Now, you might be thinking, “These experts — what are they experts in?” Good question — the Mistral AI researchers wondered that, too. They analyzed which experts were selected in different kinds of text and at various depths in the LLM, i.e., the first, middle, and last MoE layers, which are layers 0, 15, and 31 respectively. The initial layer seems to be more evenly distributed (used equally on all tokens) than the middle and final layers. You might expect the first layer to be more evenly used since deeper layers tend to be more specialized. Surprisingly, though, there doesn’t seem to be any obvious correlation between which expert is selected and what kind of text the model is processing. The only exception — and it’s a bit of a stretch — is that mathematical text seems to slightly favor some of the experts in the middle and final layer (notice the taller/shorter yellow bars in layers 15 and 31 below). But the researchers think this could be explained by the dataset’s synthetic nature and its limited coverage of the natural language spectrum.
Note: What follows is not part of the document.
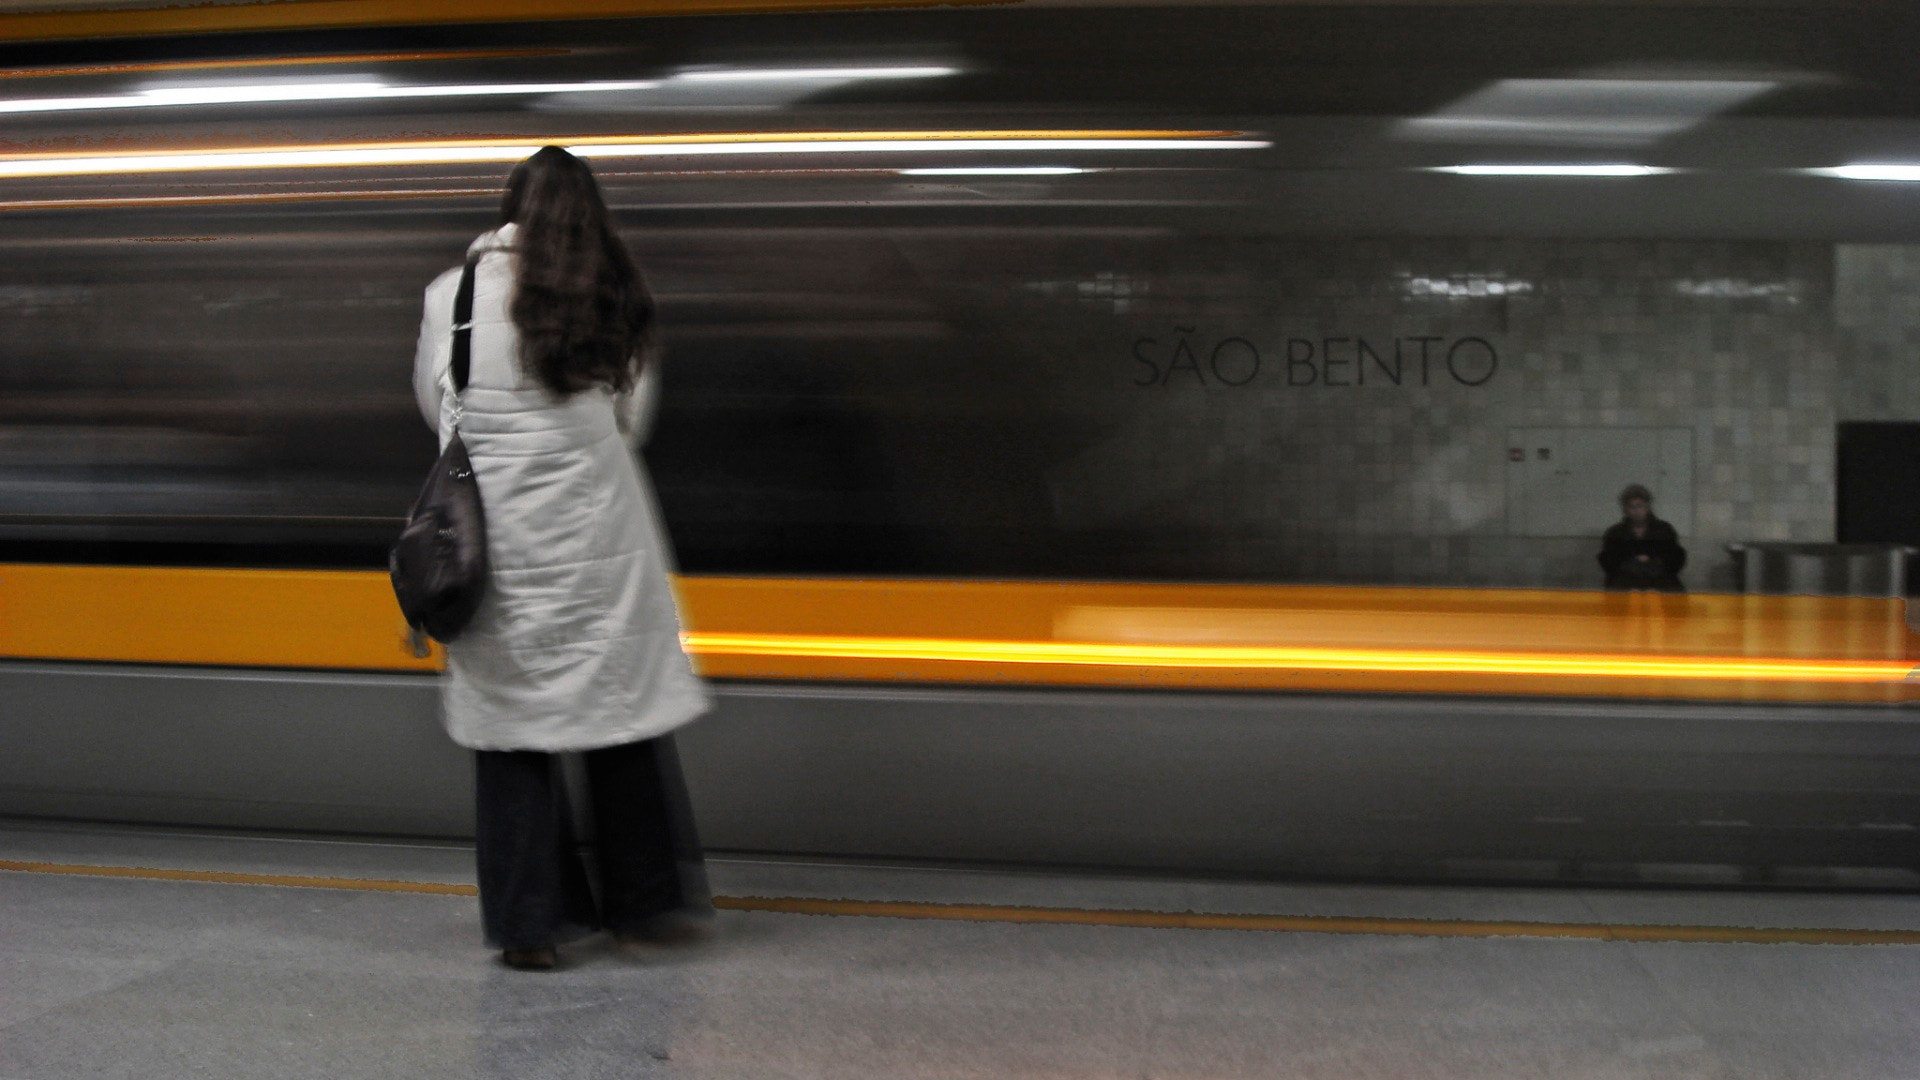 Sony DSC-T10 sample photo. Oporto's subway photography

Looking more closely, though, the researchers think that the router’s expert-selections seem to be more correlated with syntax than with topic. You can see this in the figure below, where the color of the highlighted token indicates the top-selected expert in the specific layer. (The top example is actually Python code for how to program an MoE layer! It’s surprisingly simple, right?)
When I first read this paper, it reminded me of our brains’ specialized regions for particular tasks: one part for processing information from our eyes, another for processing information from our ears, and so on. This made me think, “Aha! So we can make LLMs more efficient by making them more like our brains.” However, the analysis above, which concludes that the experts focus more on syntax than subject, seems to contradict this idea. The paper omits training notes for Mixtral 8x7B, but I wonder what a sophisticated training approach could achieve if it were to selectively use particular experts chosen based on the semantics of the input, rather than based on the syntax. Maybe it’ll be worse, maybe it’ll be better. What do you think?